I'd like to set this tank up as a fully planted peaceful community tank so I have as follows on my wish list for equipment: (will buy or trade)
Eco complete or plant sub of some kind- have one bag could use another-getting more this weekend!! 
CO2 system for 29gal-still need and need to understand....sigh Ferts and this CO2 stuff have me completely confused :S 
Quiet external filter for 29gal
Plants!!! Any that are easy to grow.picking up lots this weekend!!
That's all I can think of for now!

I'm doing this on my iphone so don't have the patience to remove the photos ?? 
Feel free to text me too 778 918 7208
I'm located at West 12th Ave near Granville in Vancouver.
Nita


----------



## charles (Apr 21, 2010)

we have emperor tetra, rummynose, bentosi tetra, a few dwarf peaceful cichlids like rams, apisto and dicrossus, lots of small plecos.

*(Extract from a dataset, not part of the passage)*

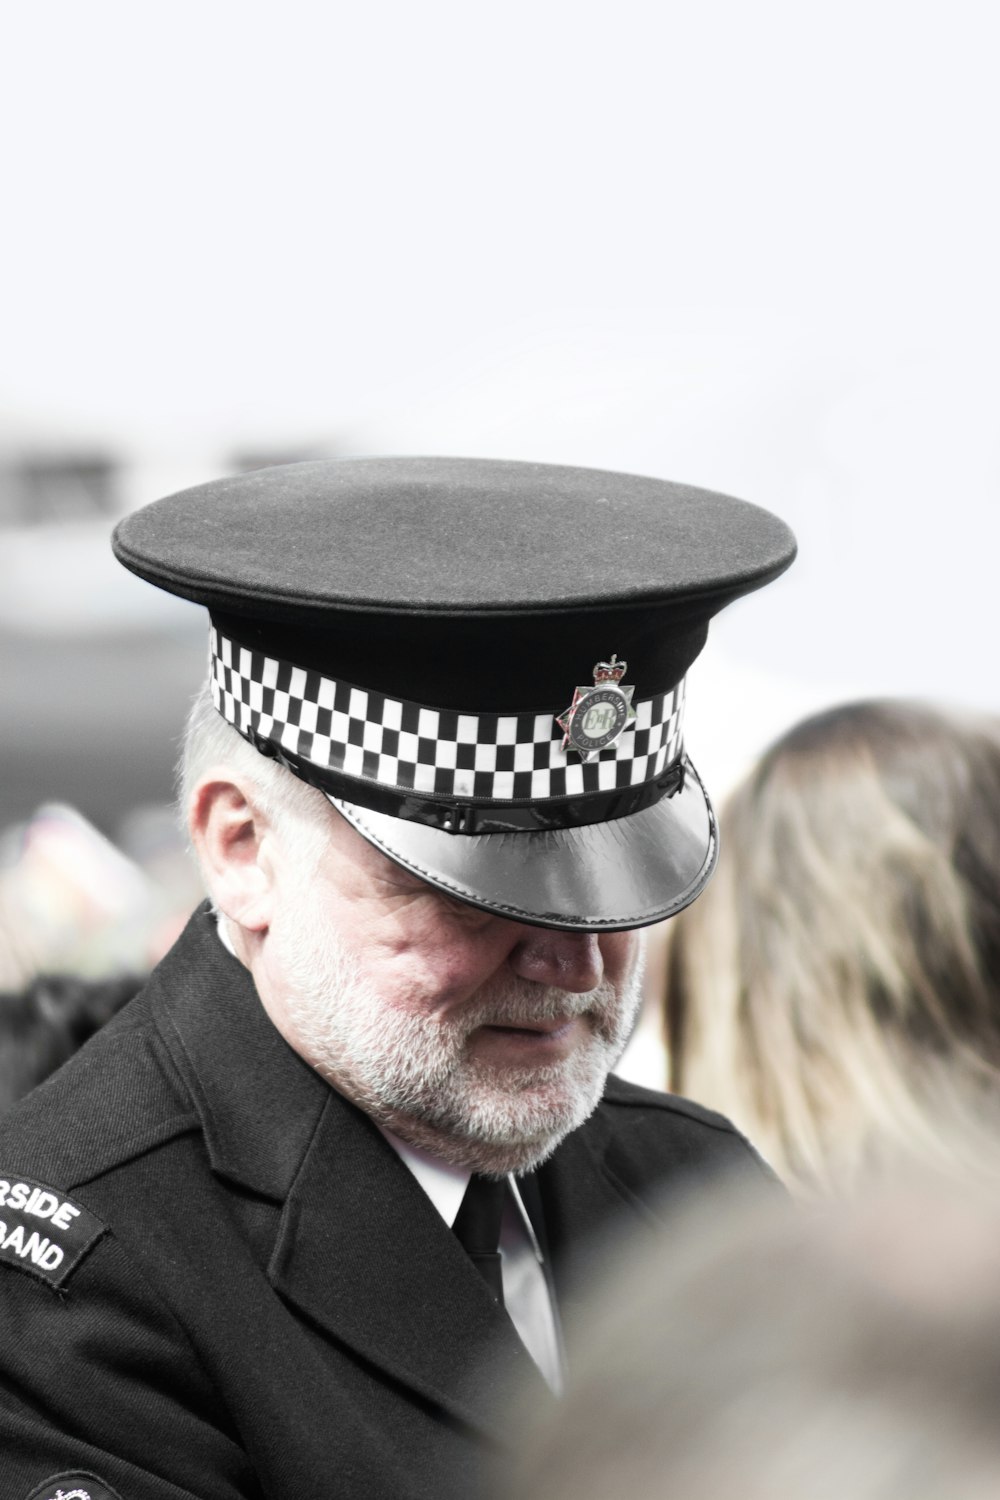 policial usando chapéu branco e preto
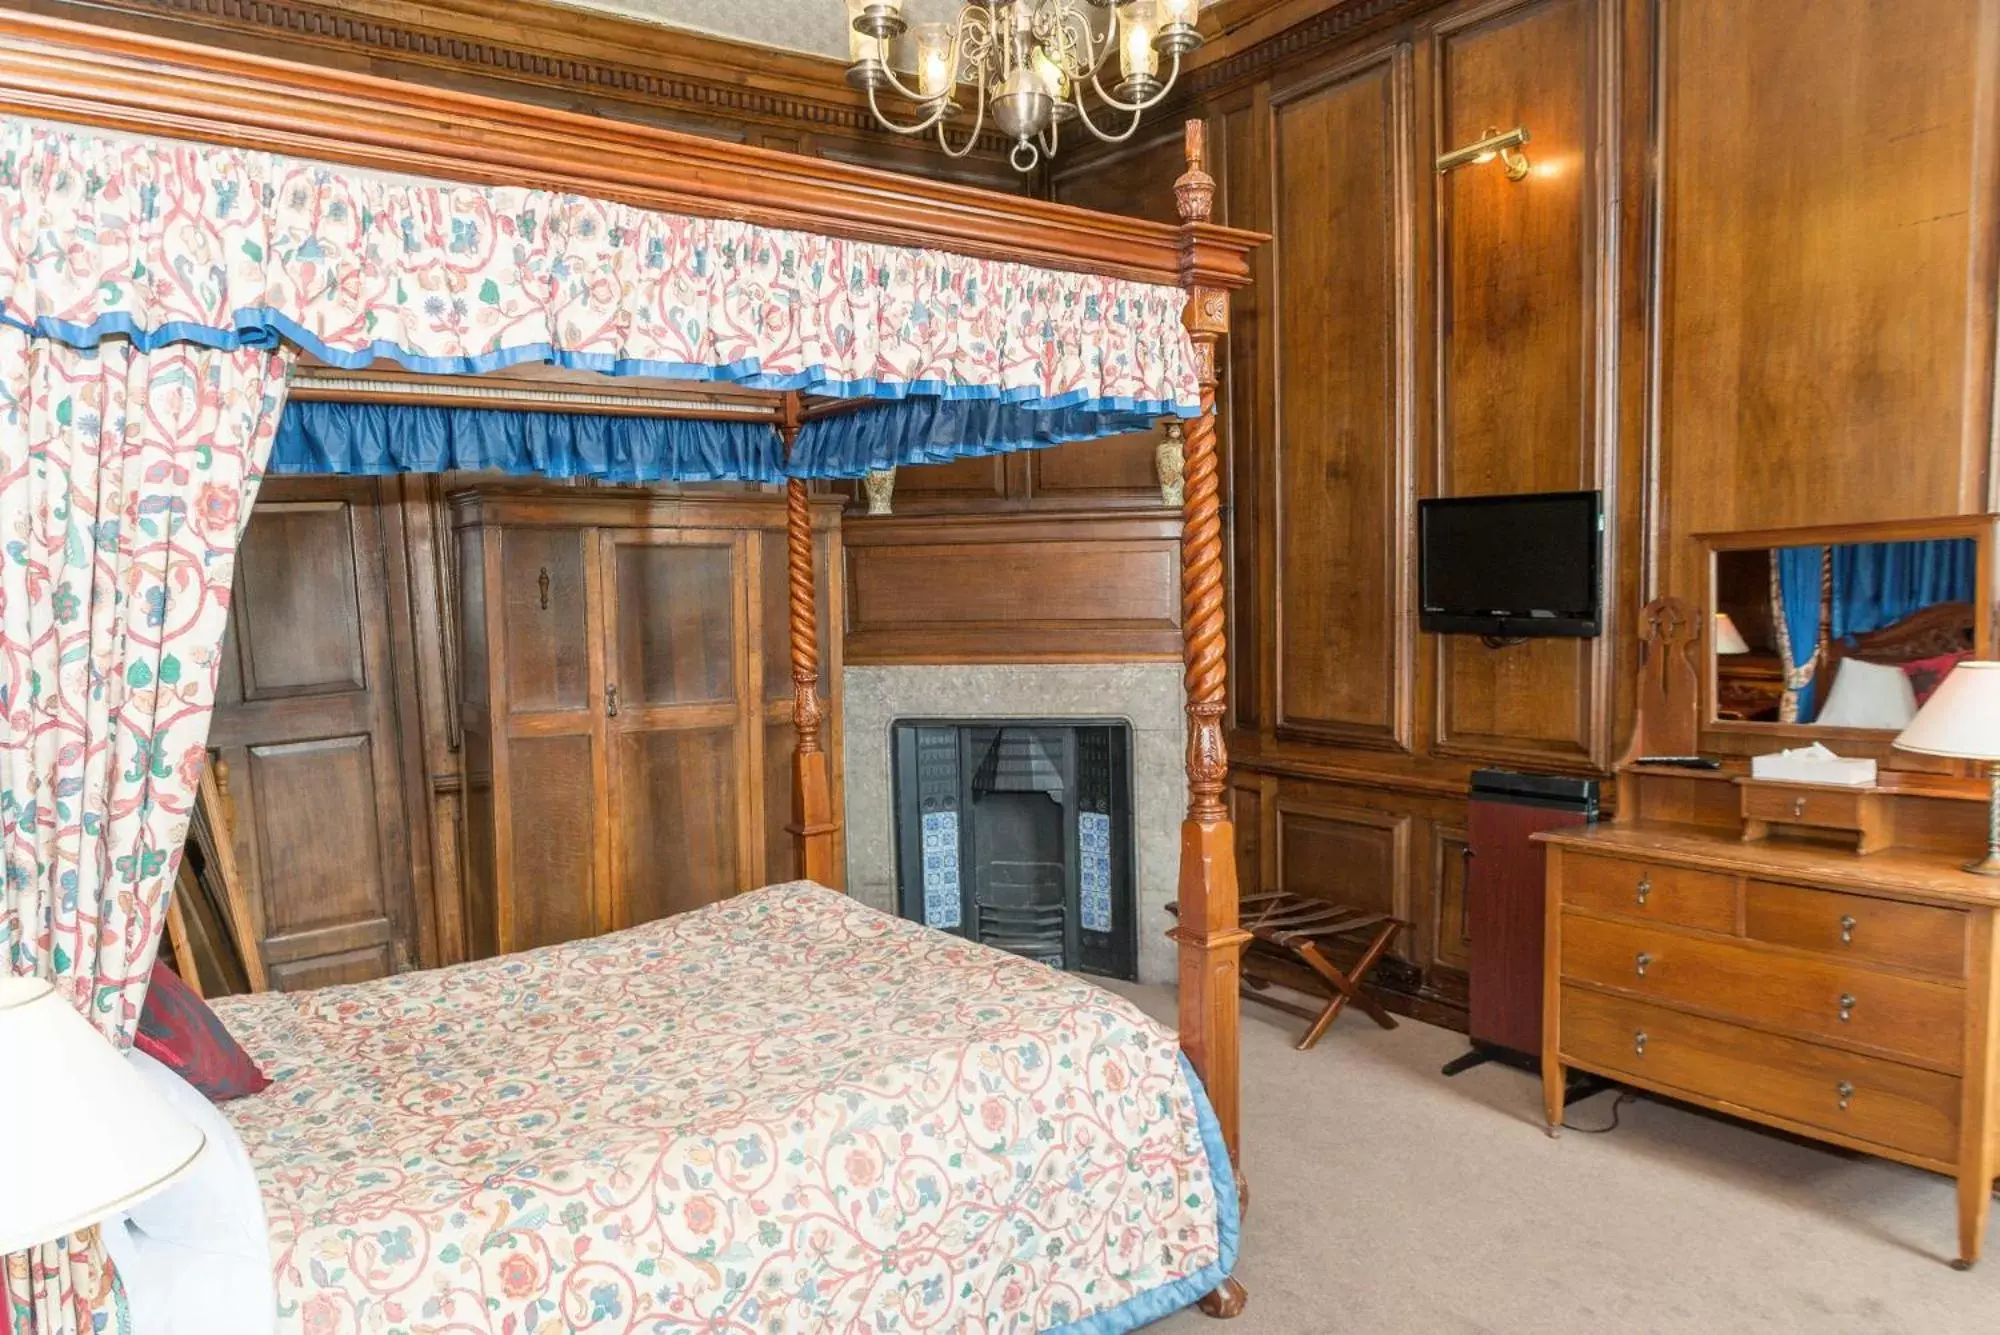 Bedroom, Bed in Haughton Hall

Check our stock list on CANADIAN AQUATICS for pricing and photos.


----------



## aquariussun (Jan 21, 2013)

Thanks Charles  I'll let you know when I'm ready to order!


----------



## aquariussun (Jan 21, 2013)

Bump - added in OBO on everything and trade + cash option to those of you who may have irresistibles! 
By the weekend I'll take these fishes to LFS for adoption or hopefully a little store cred. 
FYI everyone had a lovely move and are all eating well and looking good. 
Happy Tuesday everyone !!!


----------



## gabriel_bc (Dec 1, 2012)

congrats on getting that tank - it was a steal of deal!


----------



## TigerOscar (Sep 10, 2012)

The Angels not munching on the neons? or are they in the same tank?


----------



## aquariussun (Jan 21, 2013)

Thanks! it helped that she was 2 blocks from me  i'm looking forward to the transformation!


----------



## aquariussun (Jan 21, 2013)

TigerOscar said:


> The Angels not munching on the neons? or are they in the same tank?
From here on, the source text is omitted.